Solutions for Fixed Effects
Effect	Estimate	Standard Error	DF	t Value	Pr > \|t\|
Intercept	-0.7264	0.2749	29	-2.64	0.0131
x	0.003742	0.003537	299	1.06	0.2910

Based on the large difference in the –2 log likelihoods between the Poisson and generalized Poisson models, you conclude that a mixed model based on the latter provides a better fit to these data. From the “Covariance Parameter Estimates” table in Output 43.14.4, you can see that the estimate of the scale parameter is $\widehat{\phi } = 0.6401$ and is considerably larger than 0, taking into account its standard error. The hypothesis $H\colon \phi =0$ , which articulates that a Poisson model fits the data as well as the generalized Poisson model, can be formally tested with a likelihood ratio test. Adding the following statement to the previous PROC GLIMMIX run compares the model to one in which the variance of the random intercepts (the first covariance parameter) is not constrained and the scale parameter is fixed at zero:

covtest 'H: phi = 0' . 0 / est;

This COVTEST statement produces Output 43.14.5.

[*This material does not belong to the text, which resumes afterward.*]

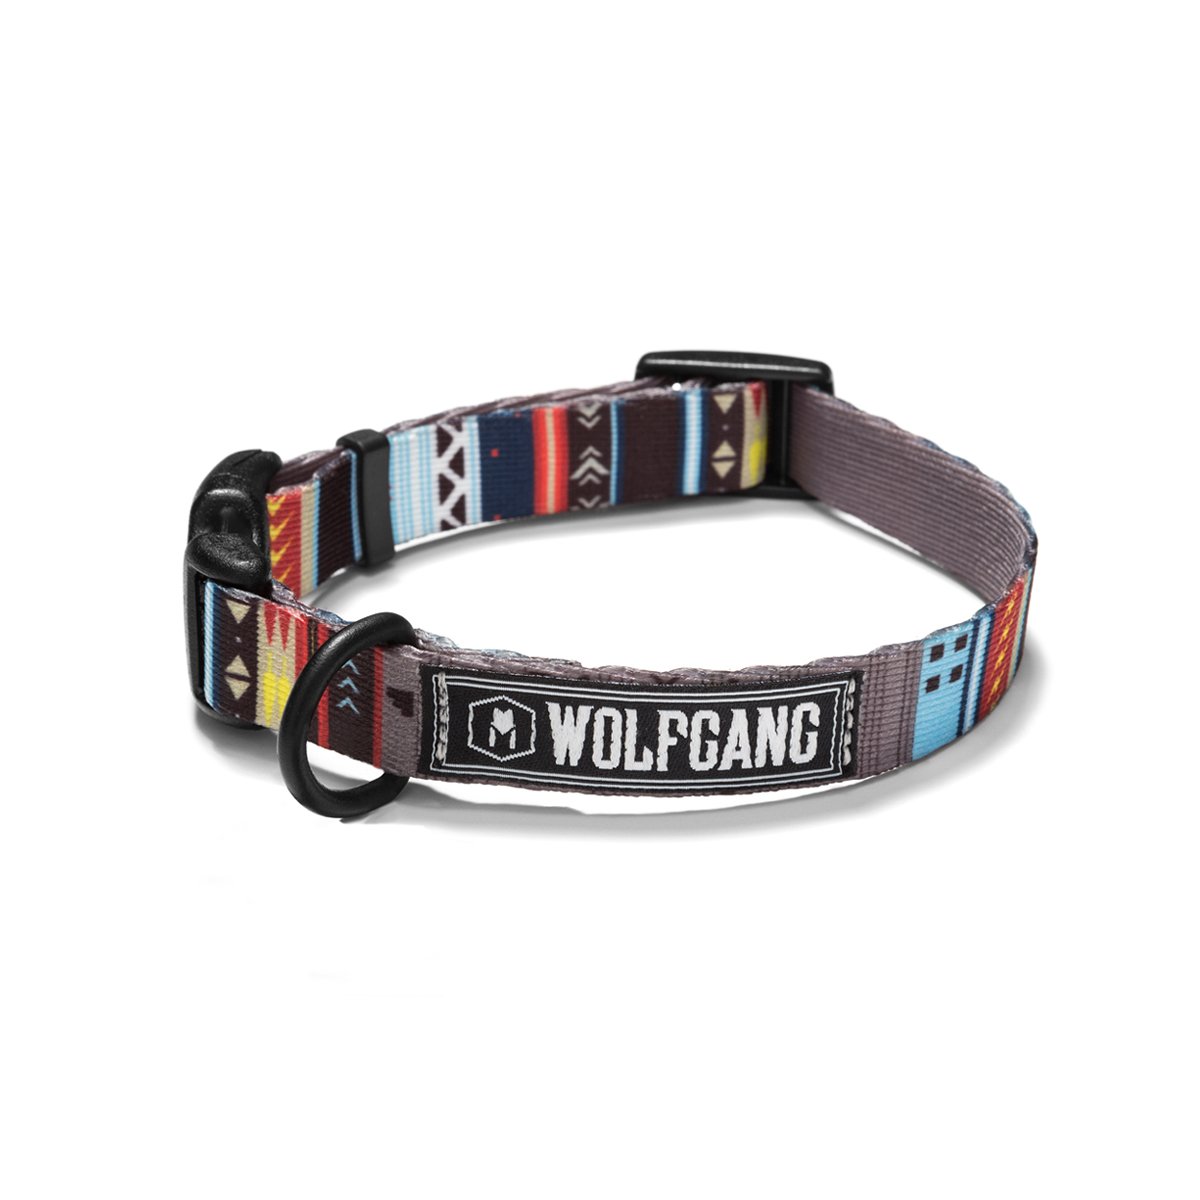 Wolfgang Dog Collar - Native Lines-5/8" Wide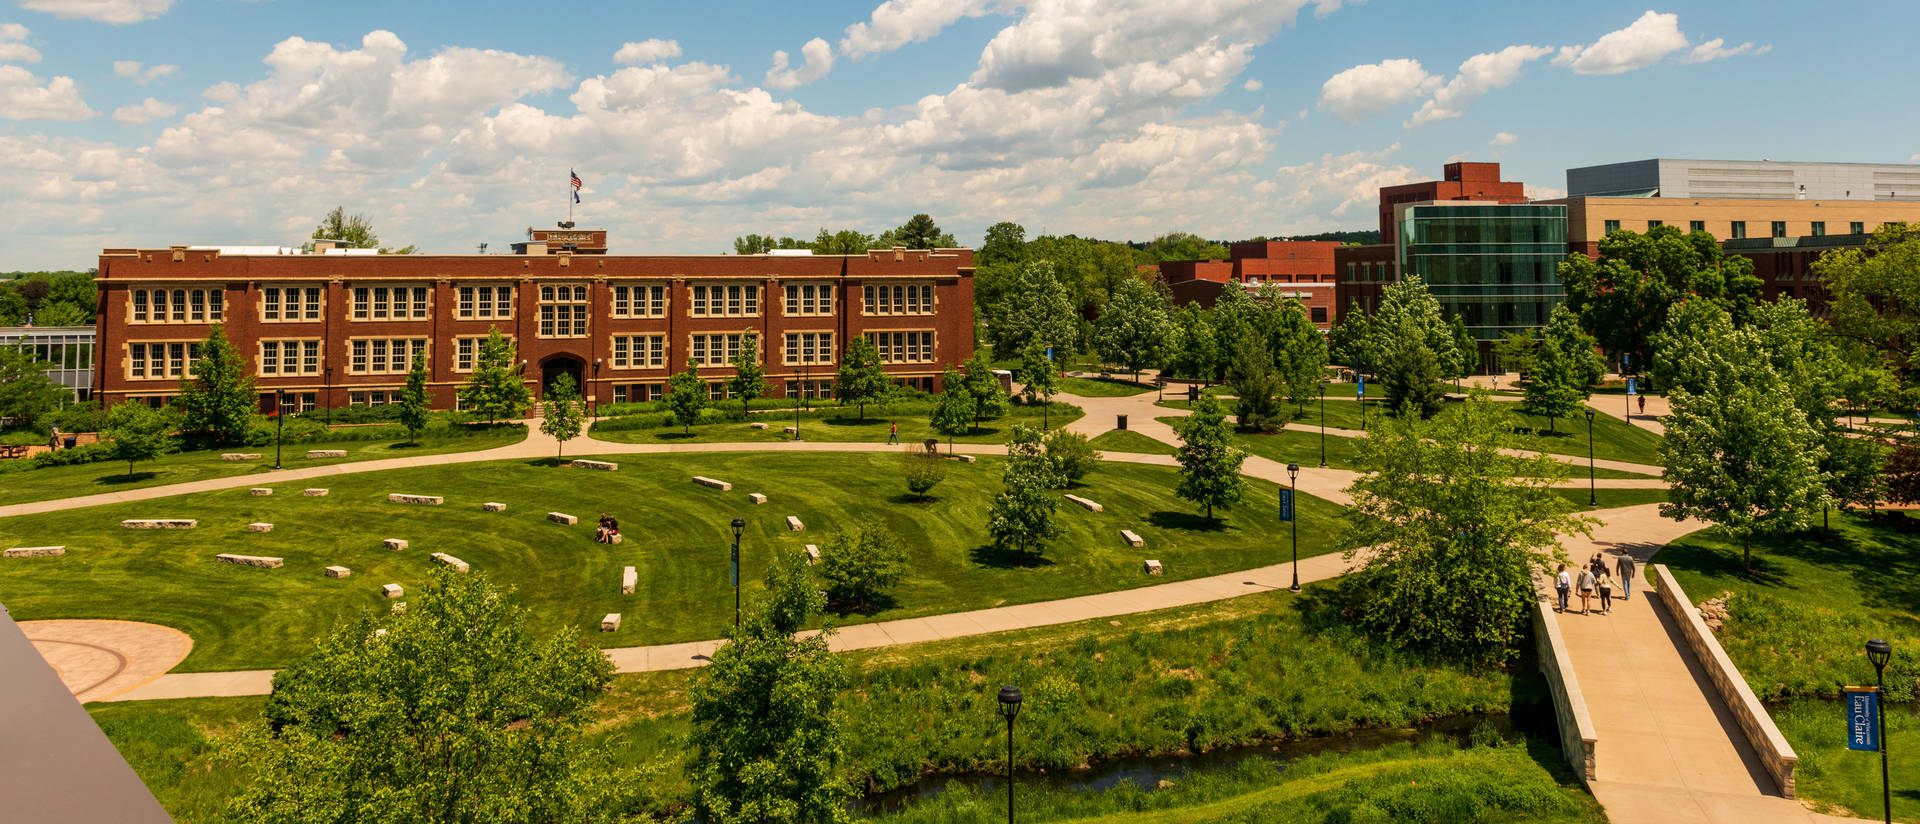 A view of Schofield Hall on a sunny day on campus.

Output 43.14.5: Likelihood Ratio Test for Poisson Assumption

Tests of Covariance Parameters Based on the Likelihood
Label	DF	-2 Log Like	ChiSq	Pr > ChiSq	Estimates H0		Note
Label	DF	-2 Log Like	ChiSq	Pr > ChiSq	Est1	Est2	Note
H:phi = 0	1	854.47	144.64	<.0001	1.1959	1.11E-12	MI

MI: P-value based on a mixture of chi-squares.

Note that the –2 Log Like reported in Output 43.14.5 agrees with the value reported in the “Fit Statistics” table for the Poisson model (Output 43.14.2) and that the estimate of the random intercept under the null hypothesis agrees with the “Covariance Parameter Estimates” table in Output 43.14.2. Because the null hypothesis places the parameter $\phi$ (or $\xi$ ) on the boundary of the parameter space, a mixture correction is applied in the p-value calculation. Because of the magnitude of the likelihood ratio statistic (144.64), this correction has no effect on the displayed p-value.